Score Interface Standard

Each Score implementation must follow the standard, based on the MLFLow standard for model interface. Standard MLFlow models handle inference through a predict() function, and Plexus specifies standard Input and Result Pydantic classes that are extensible for custom models. For example, the standard Score.Input class contains fields for the classification and the confidence of the classification, whereas the ExplainableClassifier extends that to include an explanation field.

Functionality

Training

Train a whole scorecard:

plexus train --scorecard-name "Call Center QA"

Train an individual score:

plexus train --scorecard-name "Call Center QA" --score-name "IVR Answered"

The training process will produce a trained model and save it to the MLFlow model registry. It will also evaluate the model and log the metrics and artifacts like confusion matrices and ROC curves to MLFlow.

Evaluation

Some classifiers might support evaluation without supporting training, like classifiers built using agentic LLM processes. You can evaluate these classifiers for different metrics, separately from training.

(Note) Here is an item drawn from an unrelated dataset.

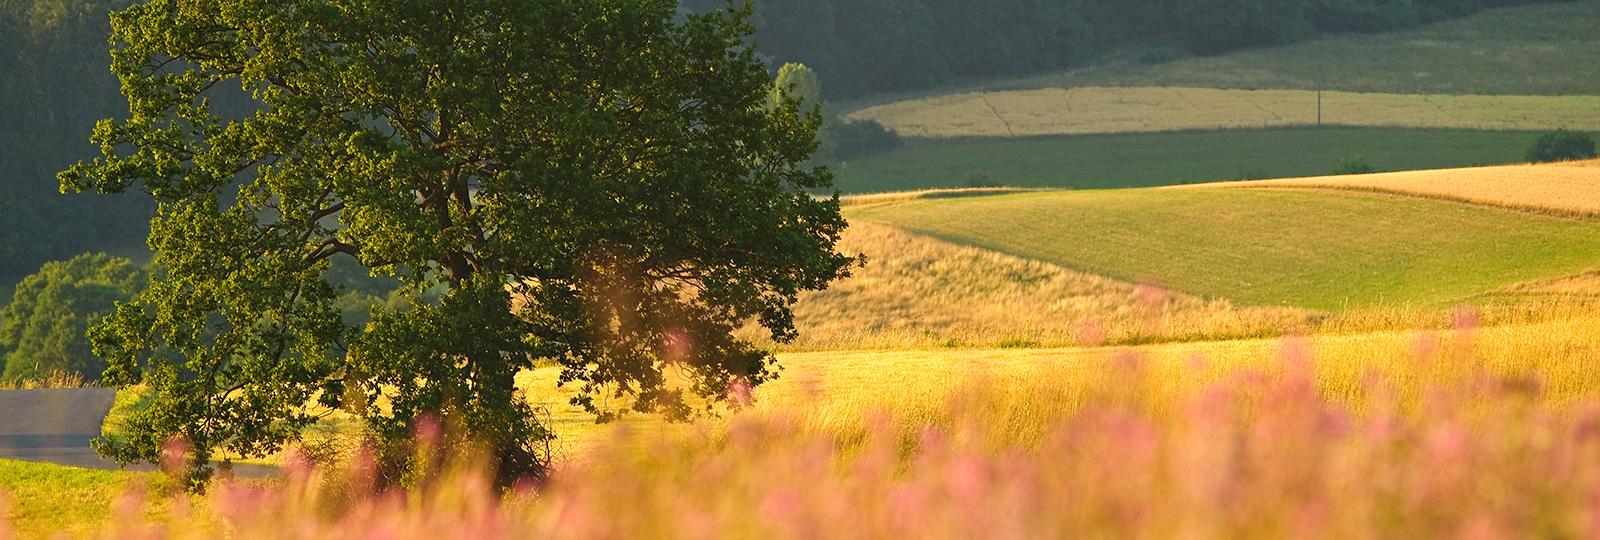 Baum inmitten von Feldern
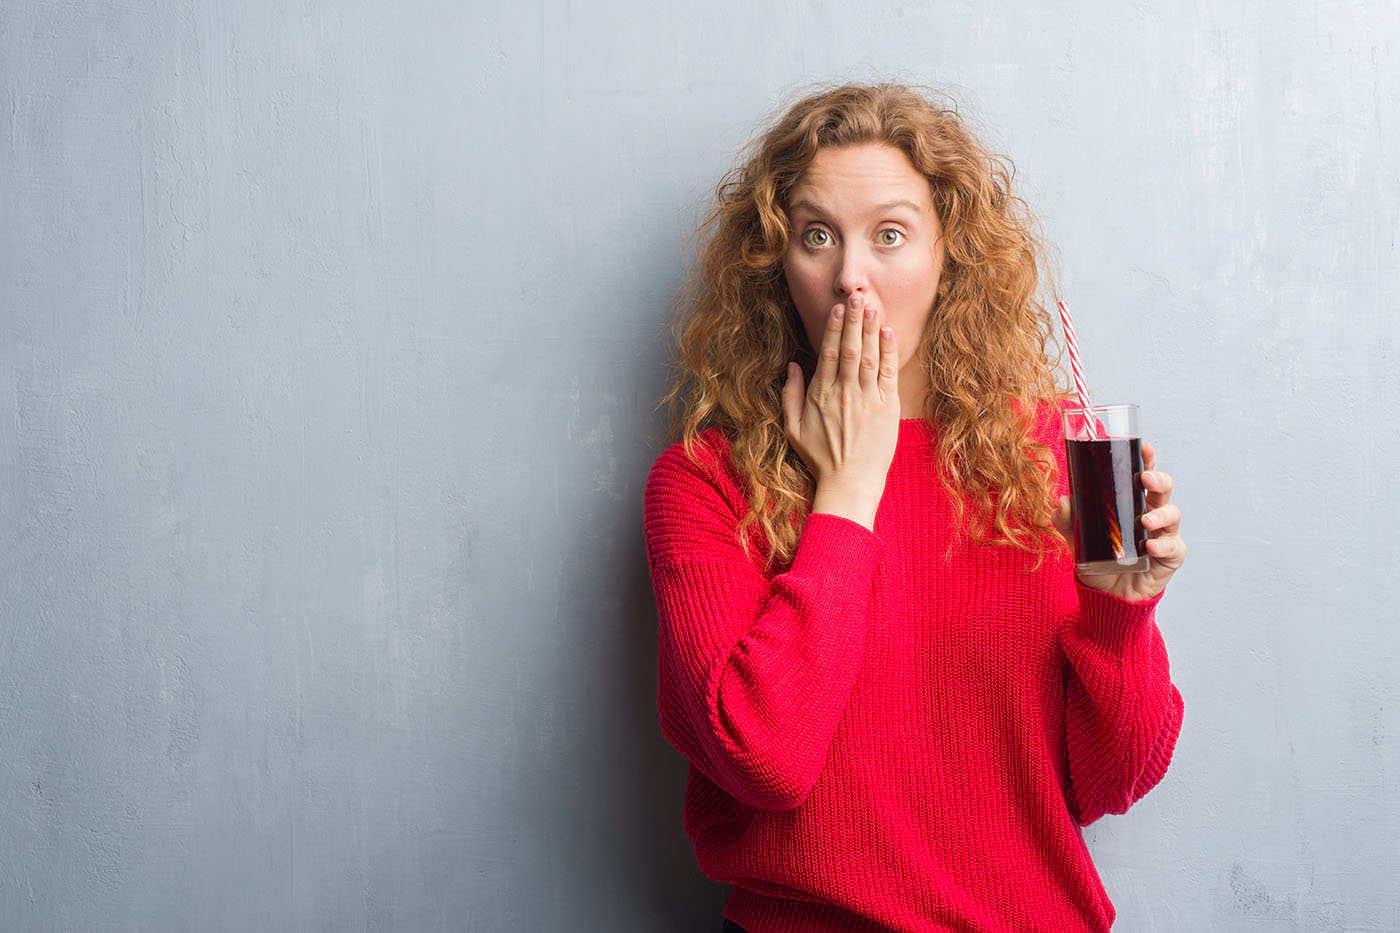 Obiceiuri aparent sănătoase care pot avea efecte nocive

plexus evaluate accuracy --scorecard-name "Call Center QA" --score-name "Subjective Customer Engagement Score"

Status

Plexus is a work in progress, with gaps in test coverage and documentation, and with a rapidly-evolving feature set. Use at your own risk, and please feel free to contact us for help.

About

Plexus is developed and maintained by Anthus AI Solutions. Please contact us if you need help using Plexus for your classification needs.

Getting Started

Installation

Clone this repository. We're not in PyPi yet, so you'll have to install it locally.

pip install -e .

Testing

Run all the tests:

pytest

Run a single test:

pytest plexus/processors/RelevantWindowsTranscriptFilter_test.py -k test_multiple_keywords

or:

pytest -k test_multiple_keywords

Test Coverage

Run tests with coverage:

pytest --cov=plexus

Generate an HTML coverage report:

pytest --cov=plexus --cov-report=html

That will generate a folder called htmlcov with an HTML coverage report. One way to view that is to run:

python -m http.server

And then go to http://localhost:8000

Run tests with watch:

ptw

Documentation

We build the Sphinx documentation at https://anthusai.github.io/Plexus/ with the files in the documentation/ folder.

Contributing

TODO: Instructions for contributing to the project.

License

Plexus is open-source under the MIT license.